Ketua serikat pekerja tekstil sandang dan kulit, Rohana mengatakan, aksi yang dilakukan saat ini merupakan rangkaian dari aksi mogok nasional yang diagendakan para buruh. Dalam hal itu para buruh yang tergabung dalam aliansi buruh Bandung mendesak gubernur Jawa Barat untuk mengabaikan PP No.78 tahun 2015 tentang pengupahan.

“Kita mendesak Gubernur Jawa Barat untuk merevisi SK Gubernur terkait kenaikan UMK 2016 dan mengabaikan PP No.78 tahun 2015,” jelas Rohana disela aksi.

Dikatakannya, SK Gubernur Jawa Barat yang menetapkan kenaikan UMK 2016 sebesar 11,5 persen telah membuat para buruh kecewa. Apalagi beberapa daerah, khususnya Kota Bandung telah merekomendasikan kenaikan UMK 2016 diatas angka yang ditetapkan Gubernur Jawa Barat, yaitu sekitar 14,59 persen.

“Tetapi gubernur keukeuh dan mengabaikan rekomendasi dari walikota Bandung, bahkan menyamakan semua rekomendasi bupati walikota di Jawa Barat menjadi sebesar 11,5 persen sesuai PP No.78 tahun 2015,” katanya.

Menurutnya hal tersebut sangat memprihatinkan mengingat, rekomendasi UMK 2016 yang disampaikan Walikota Bandung sebesar 14,59 persen tersebut merupakan hasil pembahasan dewan pengupahan kota Bandung. “Jadi buat apa ada rekomendasi dewan pengupahan dan bupati walikota, kalau semuanya disama ratakan,” katanya.
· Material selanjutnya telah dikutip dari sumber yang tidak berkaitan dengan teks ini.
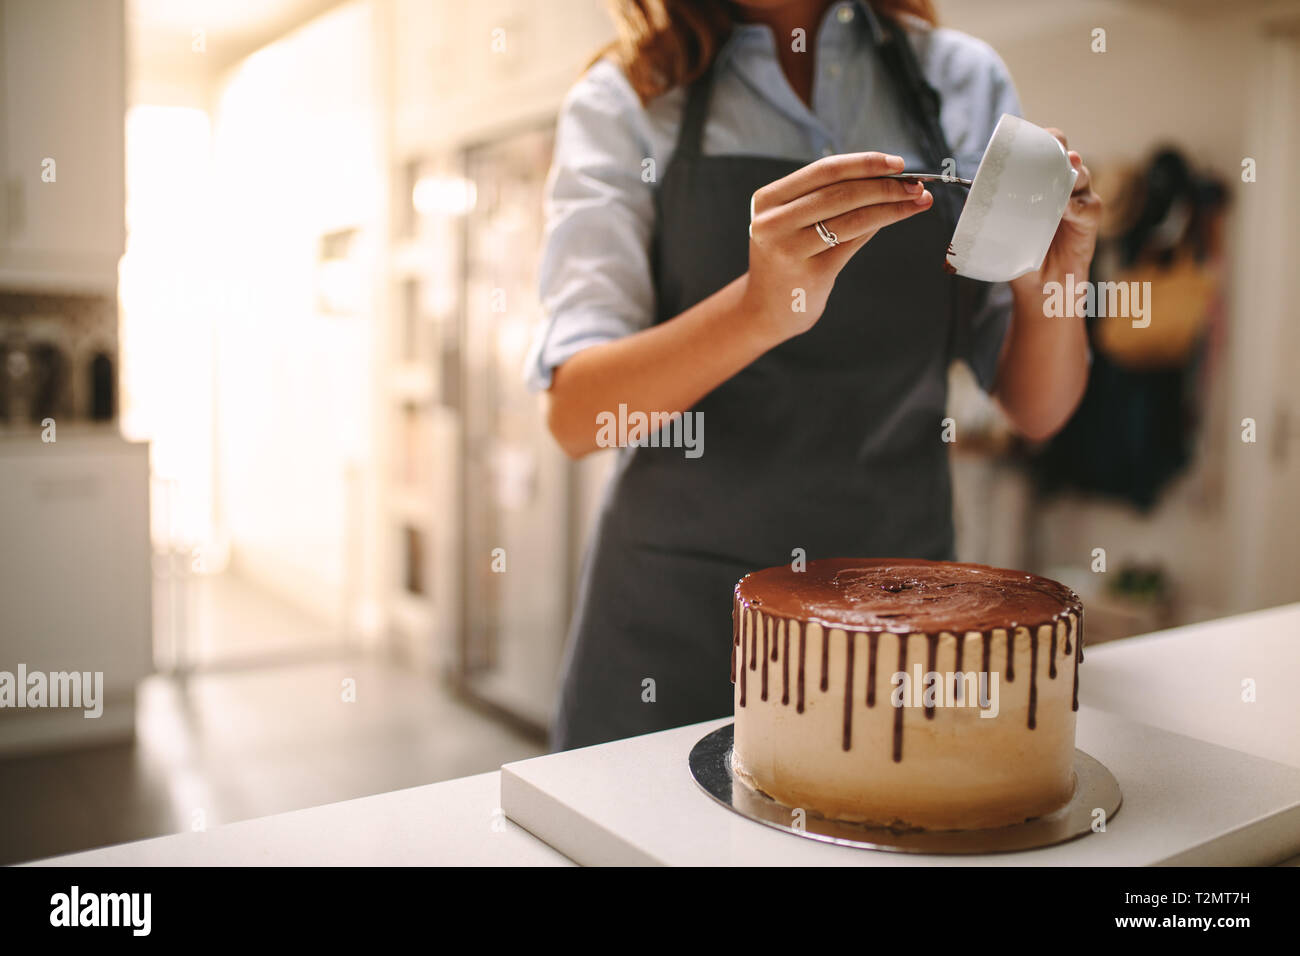 Chef pâtissier dans la cuisine Décorer un gâteau de chocolat. Femme en tablier pouring liquid sur un gâteau au chocolat sur comptoir de la cuisine. Banque D'Images

Oleh karena itulah, lanjutnya pihaknya mendesak Gubernur Jawa Barat Ahmad Heryawan untuk merevisi SK Gubernur terkait UMK 2016.

“Kita harap gubernur pun bisa mengabaikan PP No.78, DKI Jakarta saja bisa, kenapa Jawa Barat gak bisa,” katanya.

Untuk mendorong itu, para buruh pun berencana menggelar Yasinan dan doa bersama yang ditujukan kepada gubernur Jawa Barat. Sehingga Gubernur pun bisa lebih memperhatikan kepentingan para buruh.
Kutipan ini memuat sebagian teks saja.